Fry bacon in large frying pan until almost crisp. Lift out with slotted spoon; drain on paper towel and set aside for Step 6. Leave drippings in pan.
Wash and dry chicken pieces well. Snip off small rib bones with kitchen scissors. Shake chicken in mixture of flour, salt and pepper in paper (or plastic) bag to coat well. (Save any leftover flour mixture for Step 4.)
Brown chicken, a few pieces at a time, in bacon drippings; place in 12-cup baking dish or casserole.
Preheat oven to 350.
Saute onion and garlic until soft in same frying pan; stir in saved flour mixture. Drain liquid from canned mushrooms (*save mushrooms for Step 6). Stir liquid, tomatoes, parsley, and tabasco into frying pan; heat to boiling, stirring constantly.
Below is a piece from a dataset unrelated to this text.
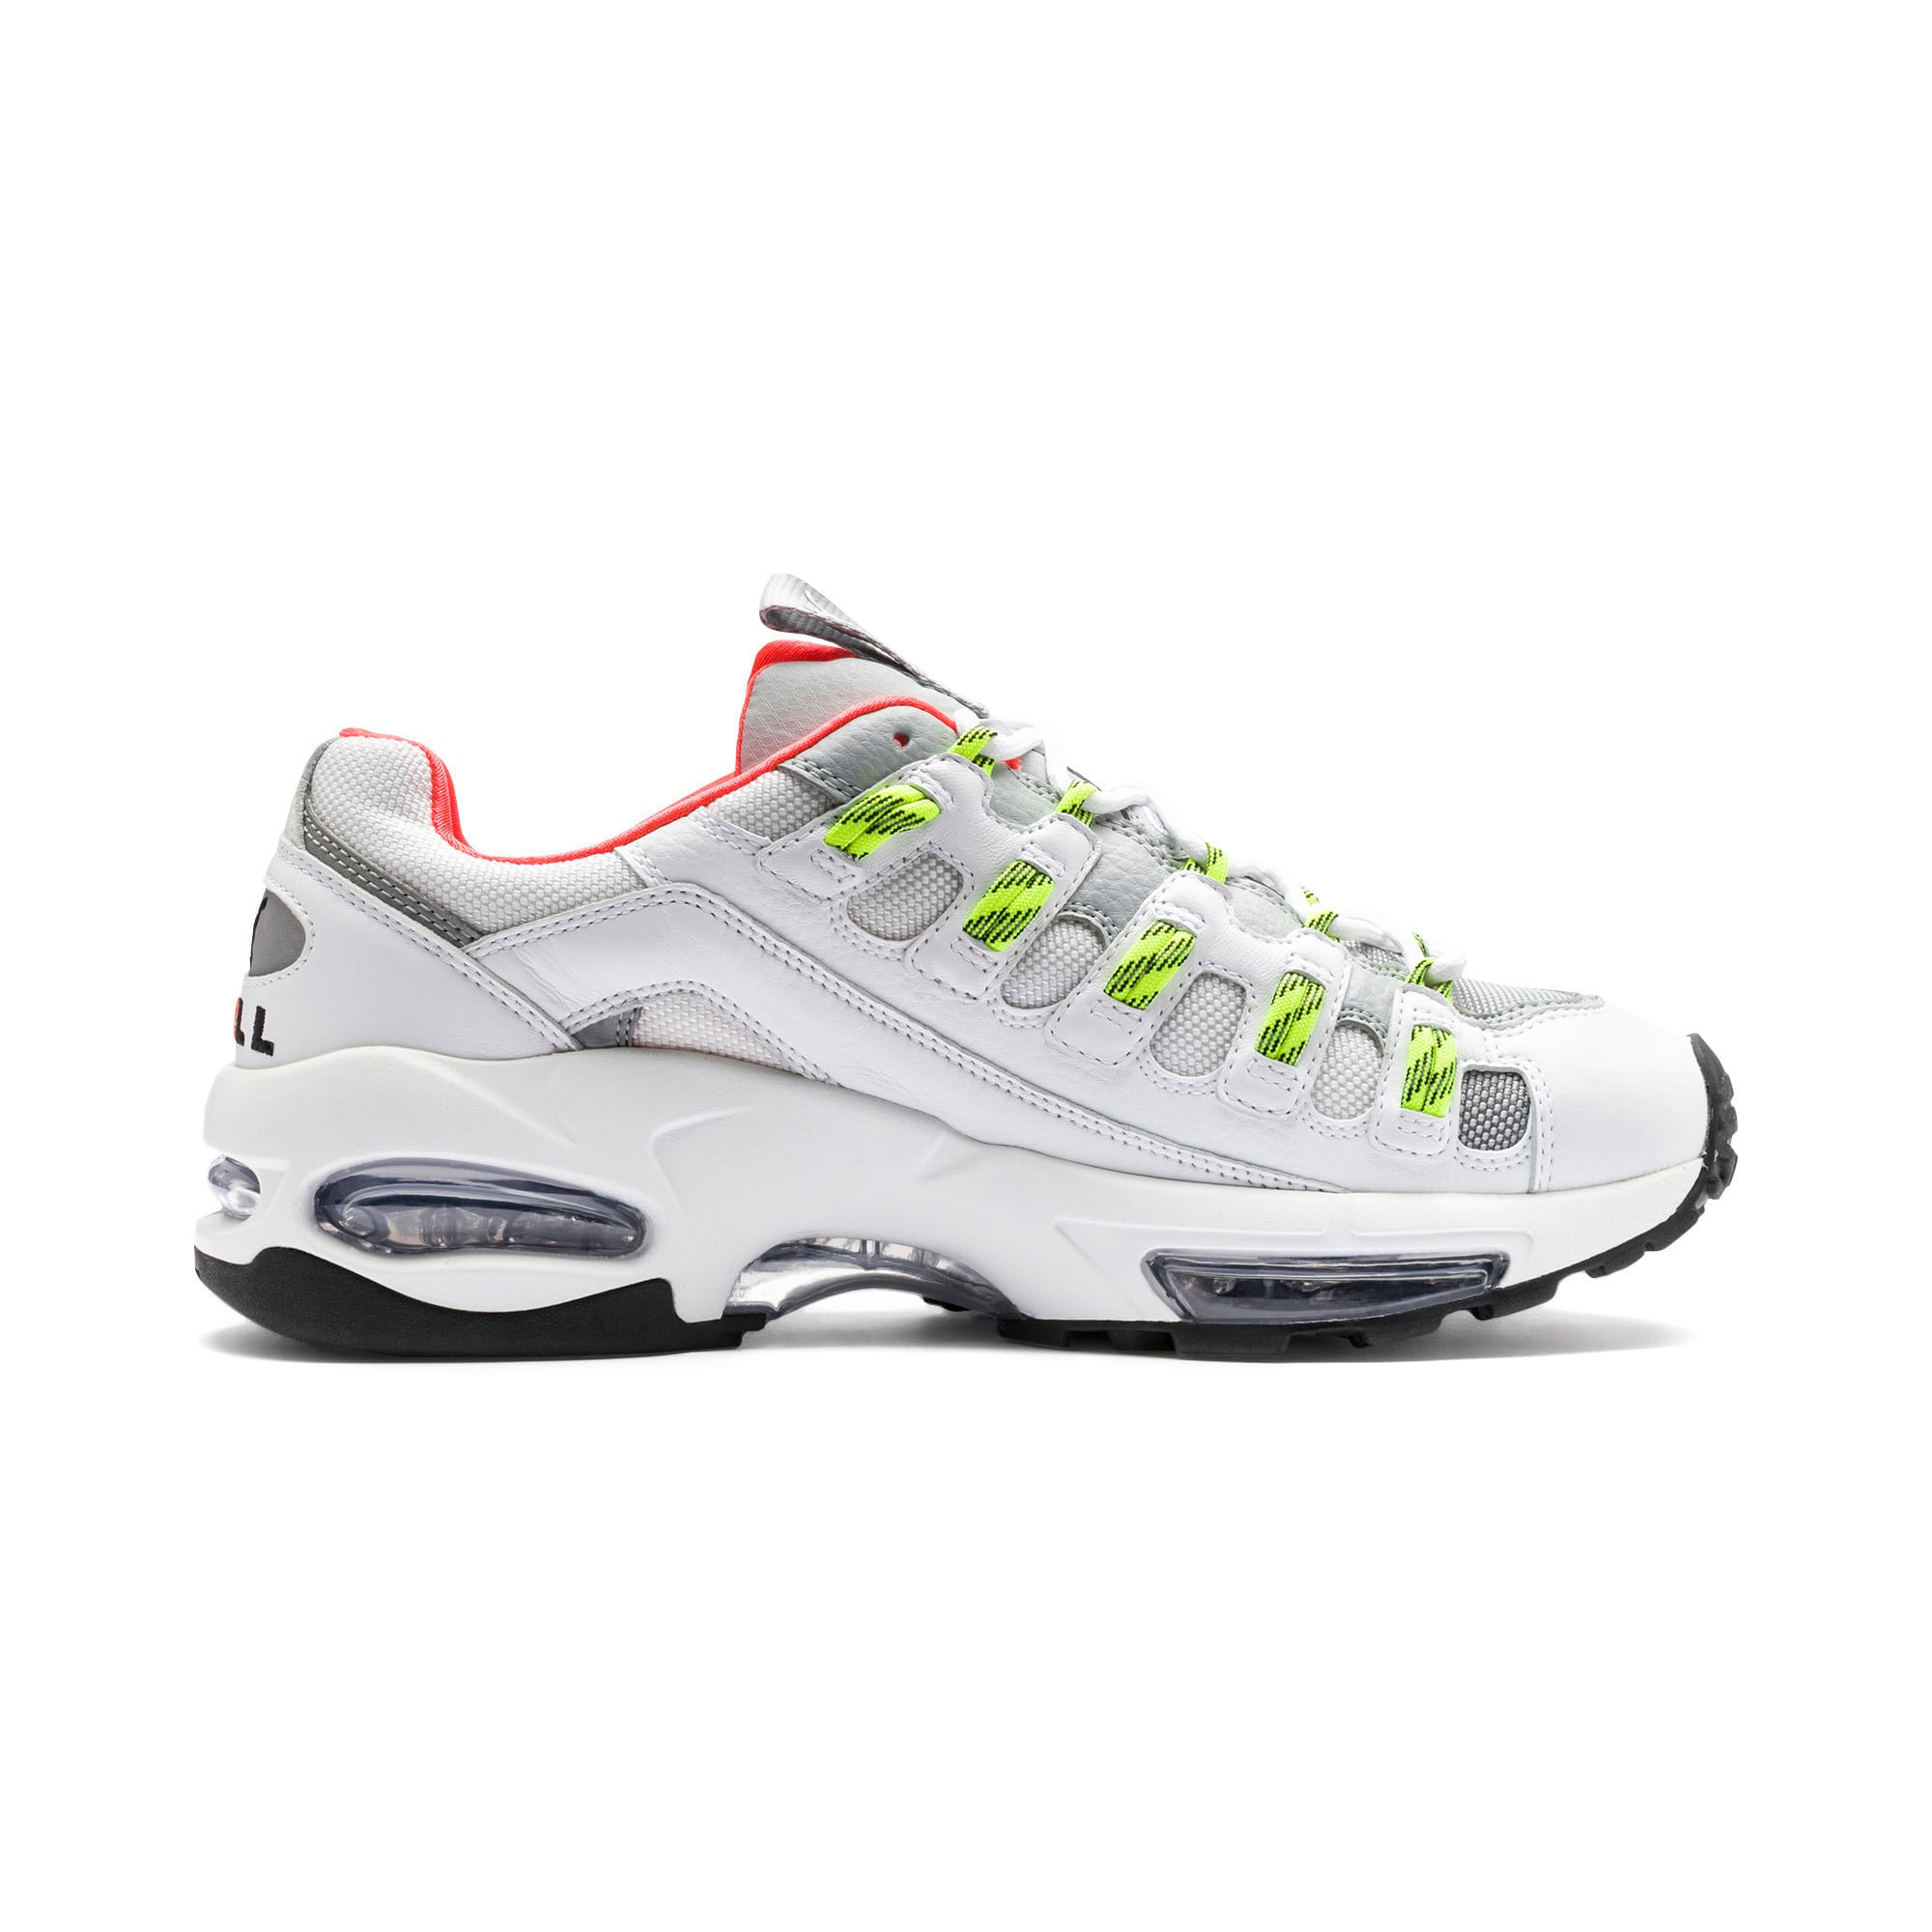 Thumbnail 6 of CELL Endura Rebound Sneakers, Puma White-High Rise, medium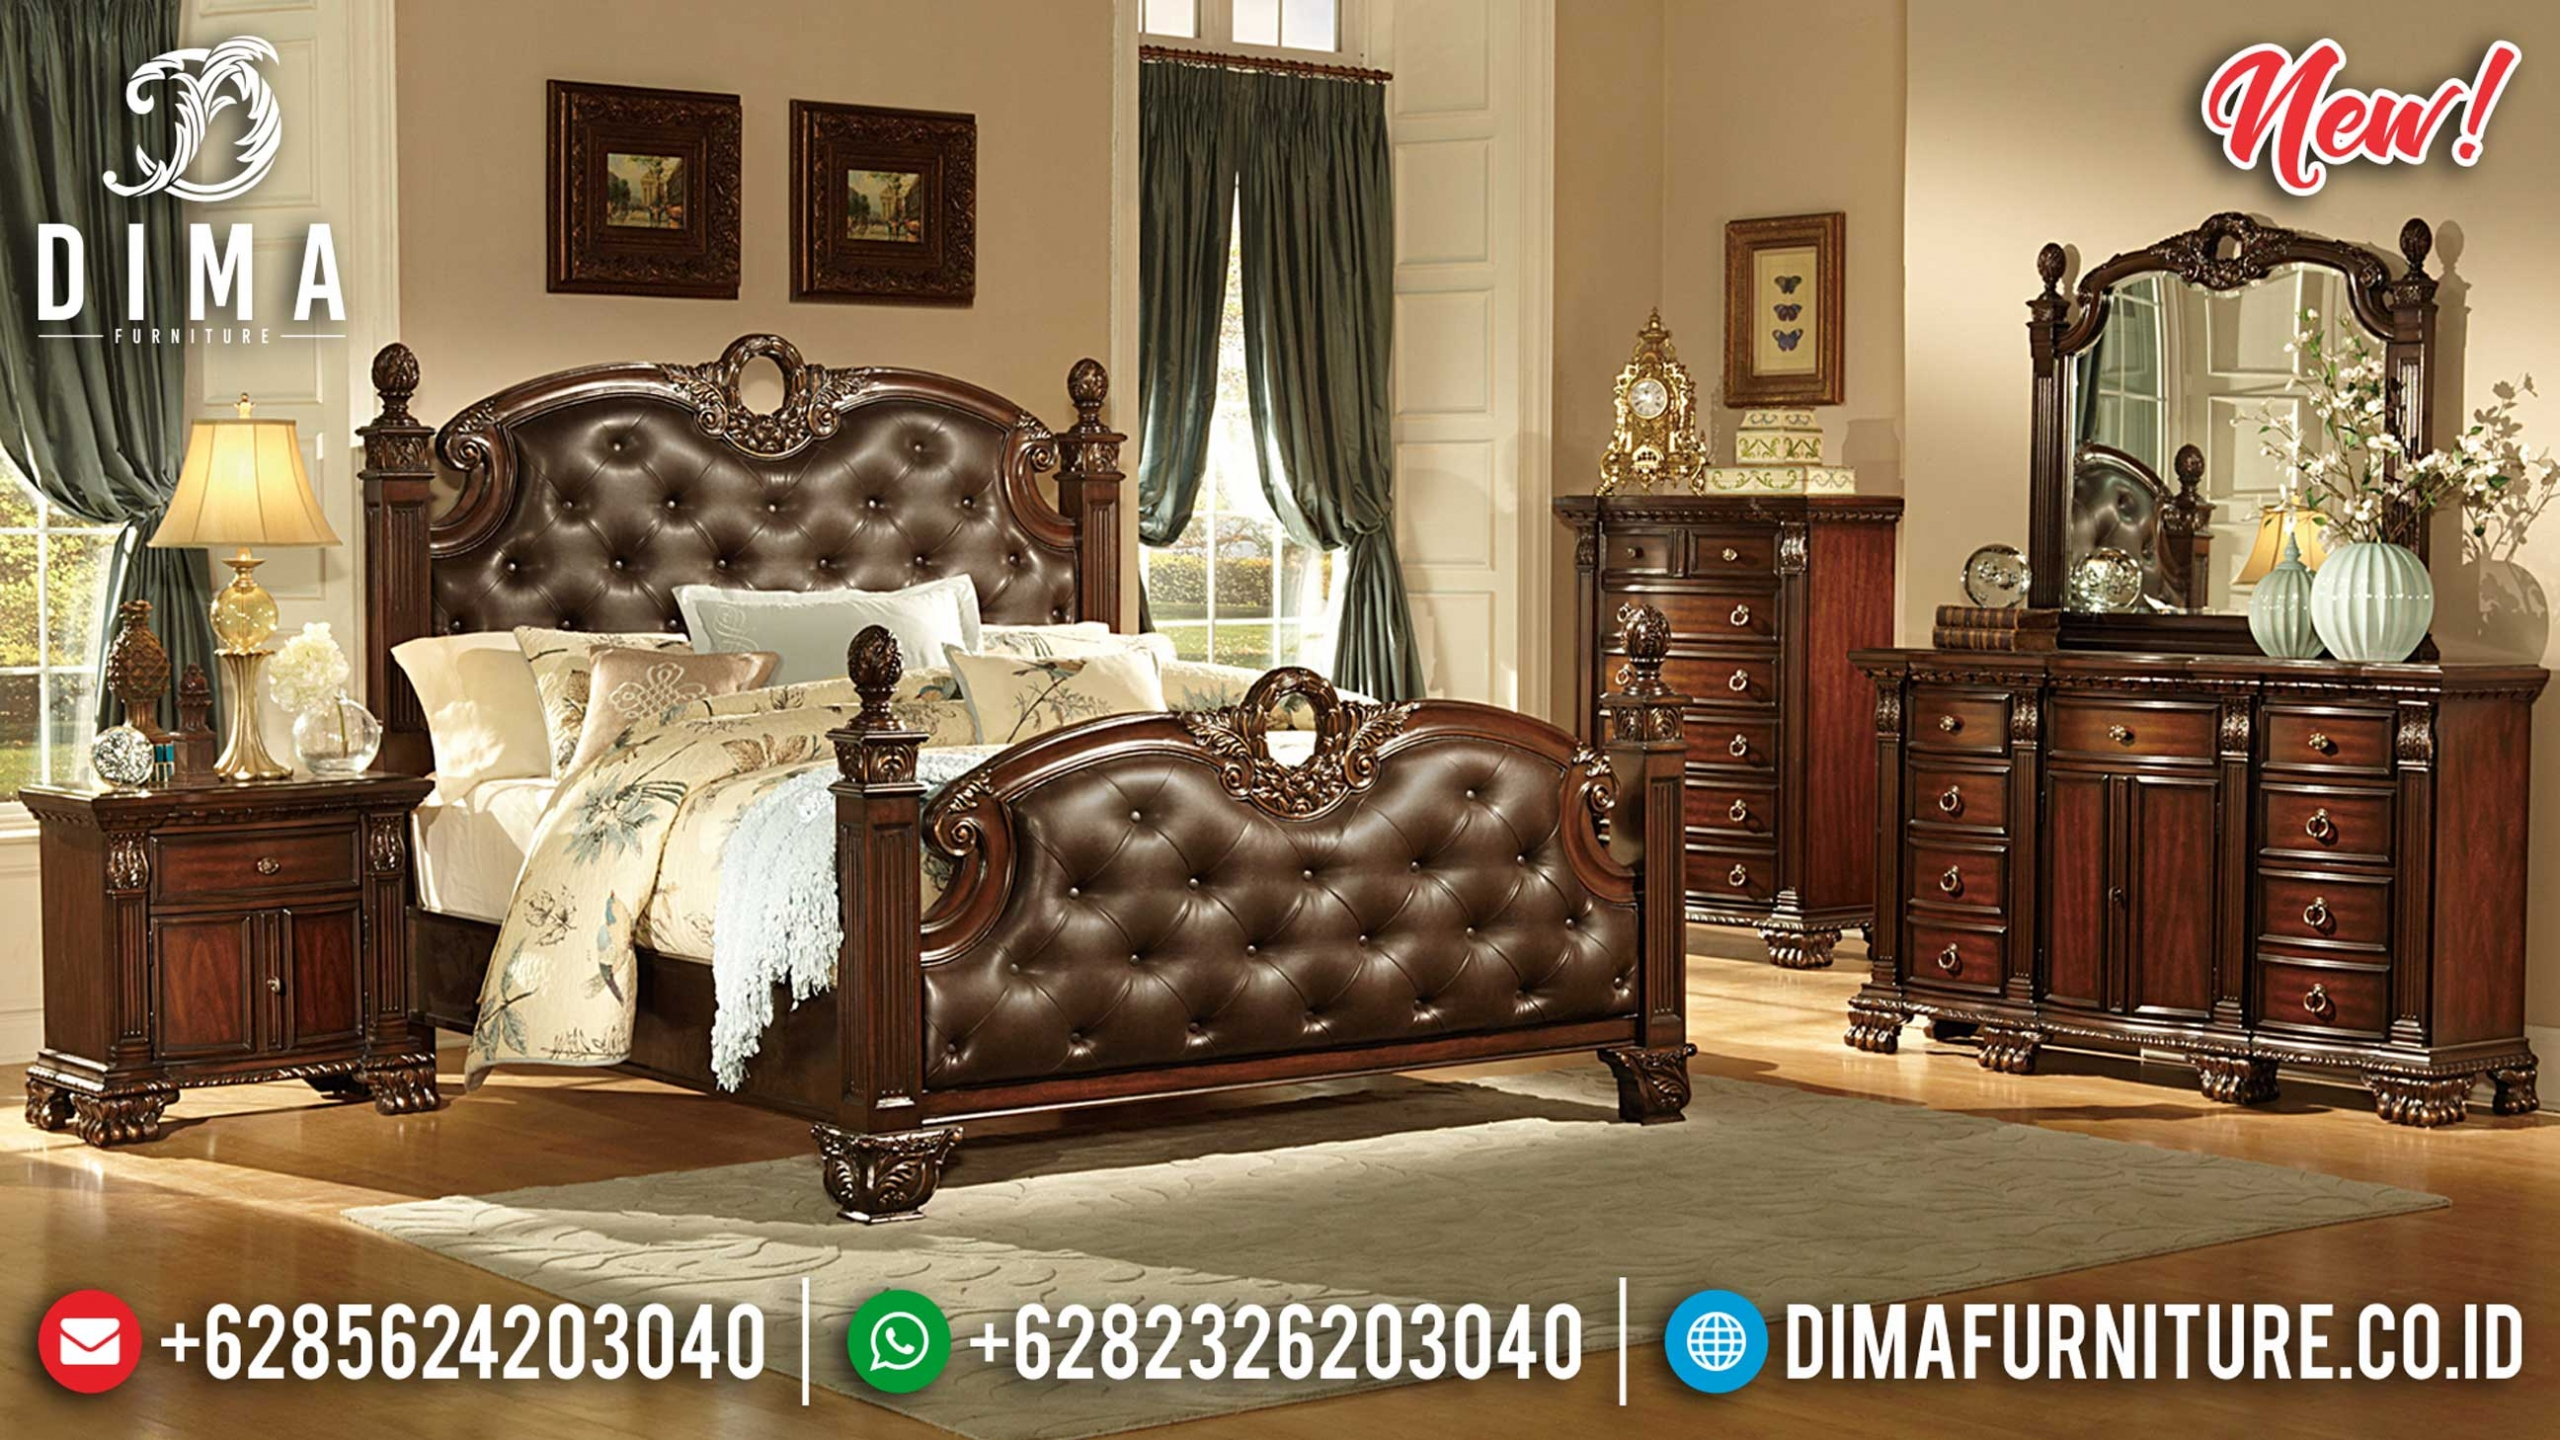 Kamar Set Klasik Natural Jati Luxury Minimalis Mebel Jepara Terbaru BT-0919

Spoon over chicken in baking dish; cover.
**Casserole can be put together up to this point, then chilled. Remove from fridge and let stand at room temp 30 minutes before baking.**
Bake at 350 for 1 hour 20 minutes. Uncover, sprinkle with saved bacon pieces and mushrooms. Bake 10 minutes longer, or until bacon is crisp.
GOLDEN CROUTONS: Trim crusts from 2 slices of bread, cut into 1-1/2 " cubes. Spread in single layer in shallow baking pan. Toast at 350 for about 10 minutes or until golden.
Just before serving, sprinkle Golden Croutons over top; garnish with more chopped parsley.